Hybridisierung von Struktursonden

Eine Möglichkeit, Einzelstrangbereiche in RNA-Sekundärstrukturen nachzuweisen, ist die Hybridisierung von kurzen, spezifischen RNA-Oligonukleotiden gegen diese Strukturen (Schröder, 1998; Le Cuyter & Crothers, 1994; Uhlenbeck et al., 1970; Weller & Hill, 1992; Pinard et al., 1995). Im Rahmen dieser Arbeit wurde dieses Verfahren zur Detektion des HPII mit der Struktursonde 27AB (siehe Tabelle 2.1), die mir freundlicher Weise von Dr. A. Schröder zur Verfügung gestellt wurde, eingesetzt.
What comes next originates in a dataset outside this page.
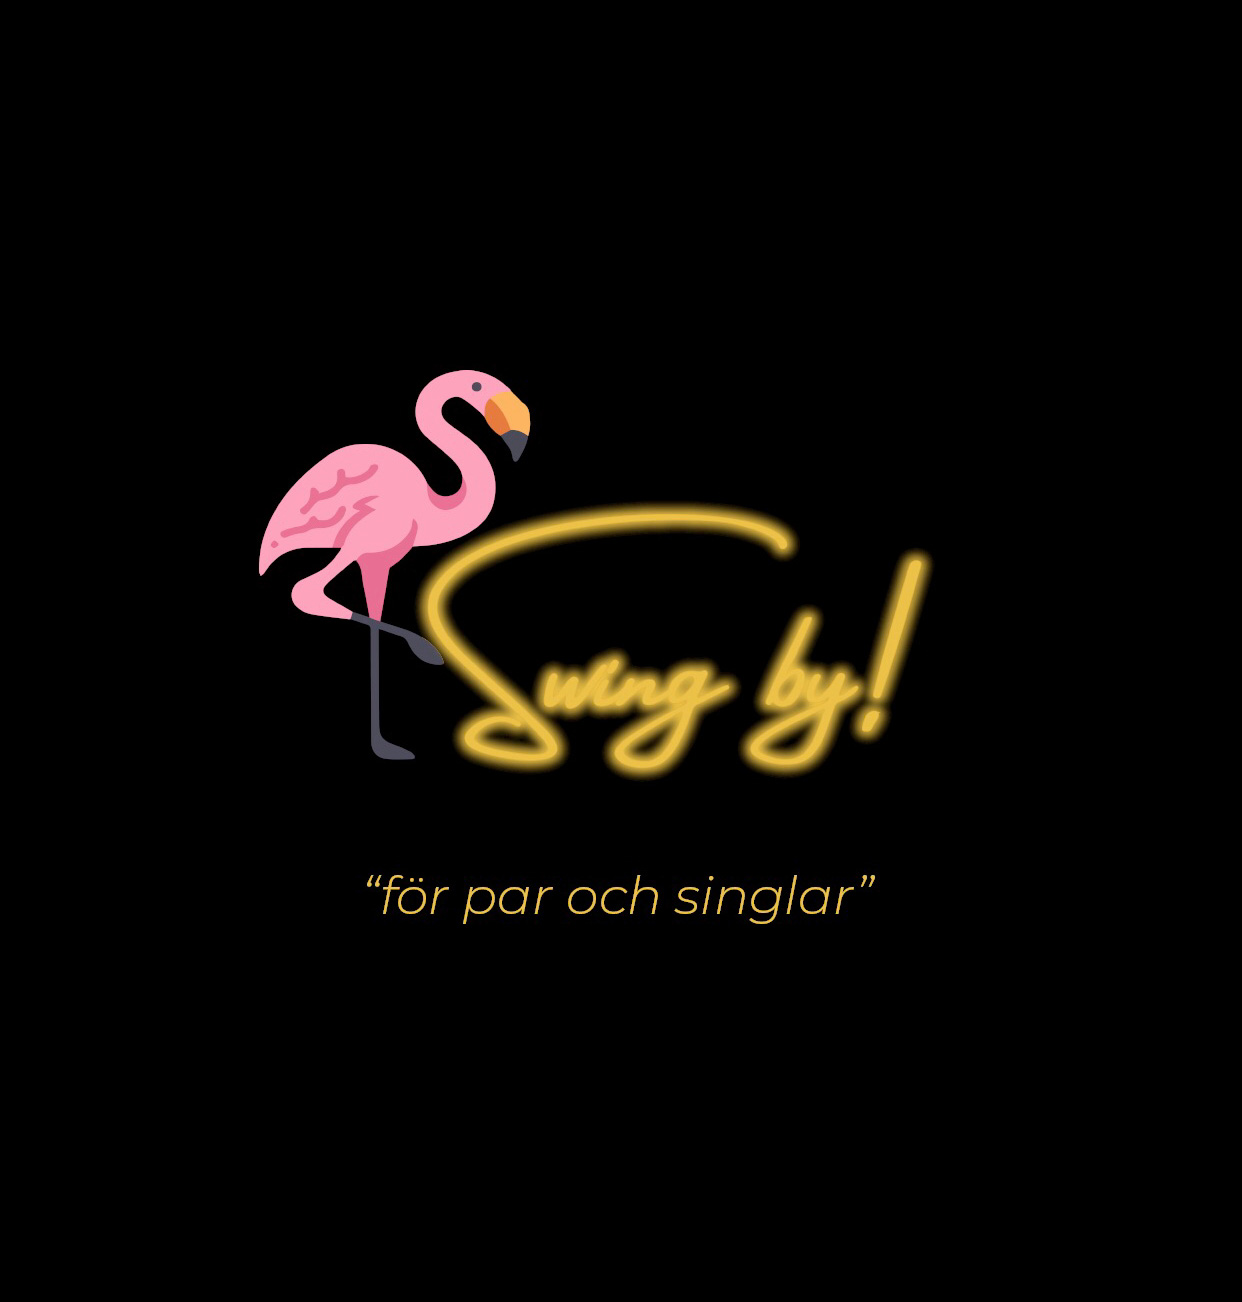 Swing by! - Sveriges första dejtingapp för Swingers, par och singlar! Foto

Im Anschluß an in vitro-Transkriptionen (siehe 3.3.4) wurden die Ansätze auf 500mM NaCl eingestellt, das [ $\gamma^{32}_{}$P]-markierte RNA-Oligonukleotid 27AB in einer Endkonzentration von 4,5nM zupipettiert ($\approx$10⁵-10⁶cpm pro Ansatz) und der Ansatz ad 50 $\mu$ l mit H₂O _autokl. aufgefüllt. Nach Inkubation für 20min bei RT wurden 2 $\mu$ l unmarkierte Sonde (148ng/$\mu$l) zugegeben. Der Ansatz wurde weitere 20min inkubiert und dann 60min gegen 0,2x TBE bei RT auf einem Schwimmfilter (Type VS 0,025 $\mu$ m; Millipore GmbH, Eschborn) dialysiert. Die Strukturverteilung wurde über TGGE (siehe 3.5.3) aufgetrennt und das radioaktiv markierte Oligonukleotid konnte autoradiographisch oder mit dem Bio-Imaging-System detektiert werden (siehe 3.5.5).